India's GST Council Proposes Eliminating 12% Tax Slab to Streamline Tax Structure
Background and Rationale: Introduced in July 2017, the GST system was designed to unify India's complex indirect tax regime. Over time, the four-tier structure has been criticized for its complexity and the compliance burden it places on businesses, especially small and medium enterprises. The 12% slab, in particular, has come under scrutiny due to its relatively low contribution to overall GST revenues. According to sources, the 12% slab contributes only about 5% to the total GST revenue, making it the lowest among the four primary slabs.
The Group of Ministers (GoM) on rate rationalisation, led by Bihar Deputy Chief Minister Samrat Chaudhary, has been deliberating on this adjustment. The GoM, initially formed in September 2021 and restructured in November 2023, has been tasked with addressing tax anomalies and refining the GST rate structure. A consensus is emerging among officials and experts that the 12% slab may no longer be necessary, with essential goods potentially moving to the 5% bracket and others to 18%.
Items Affected: Items currently taxed at 12% include a diverse range of products such as condensed milk, packaged drinking water, bicycles, umbrellas, certain footwear, diagnostic kits, and various household items. Services like specified construction activities also fall under this slab. The reallocation of these items is expected to impact pricing, potentially making some goods more affordable while others may become costlier, depending on their new tax classification.
Stakeholder Perspectives: While the central government is advocating for this simplification, some states have expressed reservations. States like Punjab, Bihar, West Bengal, Karnataka, and Himachal Pradesh have raised concerns about potential revenue losses and the uneven impact on different sectors. The Union Finance Minister, Nirmala Sitharaman, is expected to engage with the GoM to address these concerns and seek a consensus.

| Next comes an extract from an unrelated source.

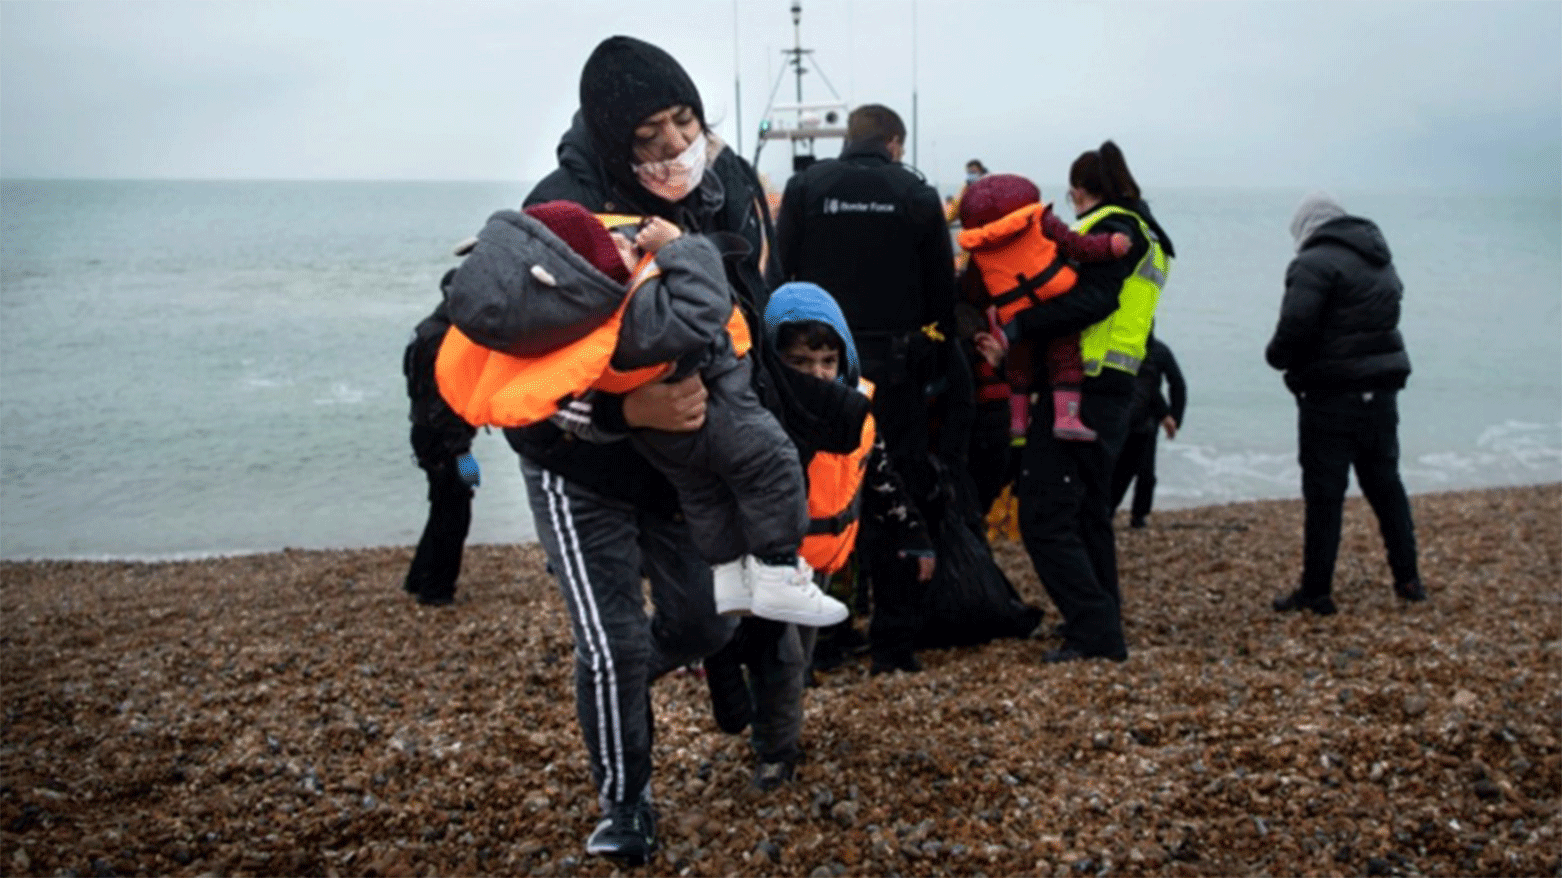 From Bulgaria to the English Channel tracing trafficked migrant boats

Economic Implications: Experts suggest that while the move could simplify the tax structure and reduce compliance burdens, it may also have inflationary effects. Shifting items from the 12% to the 18% slab could increase prices for certain goods, affecting consumer demand. Conversely, moving items to the 5% slab could make some products more affordable, potentially boosting consumption. Maintaining revenue neutrality will be a critical challenge in this restructuring.
Next Steps: The GST Council, comprising the Union Finance Minister and state finance ministers, is anticipated to convene in late June or July to deliberate on this proposal. The Council's decision will be pivotal in determining the future course of India's indirect tax regime, with the potential to influence consumer prices and business operations across various sectors.
As the GST system enters its eighth year, this proposed restructuring represents a significant step toward simplifying India's tax landscape, balancing the goals of revenue generation, economic growth, and ease of doing business.
Summary: GST Council's Proposal to Eliminate the 12% Tax Slab
Revenue Considerations: The 12% slab contributes approximately 8% to the total GST revenue, making it the least significant among the four tiers. In contrast, the 18% slab accounts for about 70% of the revenue. The proposed changes aim to maintain revenue neutrality while simplifying the tax structure.
Expected Timeline for Decision: The GST Council, comprising Union and state finance ministers, is expected to convene by the end of June or early July to deliberate on this proposal. The final decision will consider the potential impacts on pricing, compliance, and revenue collection.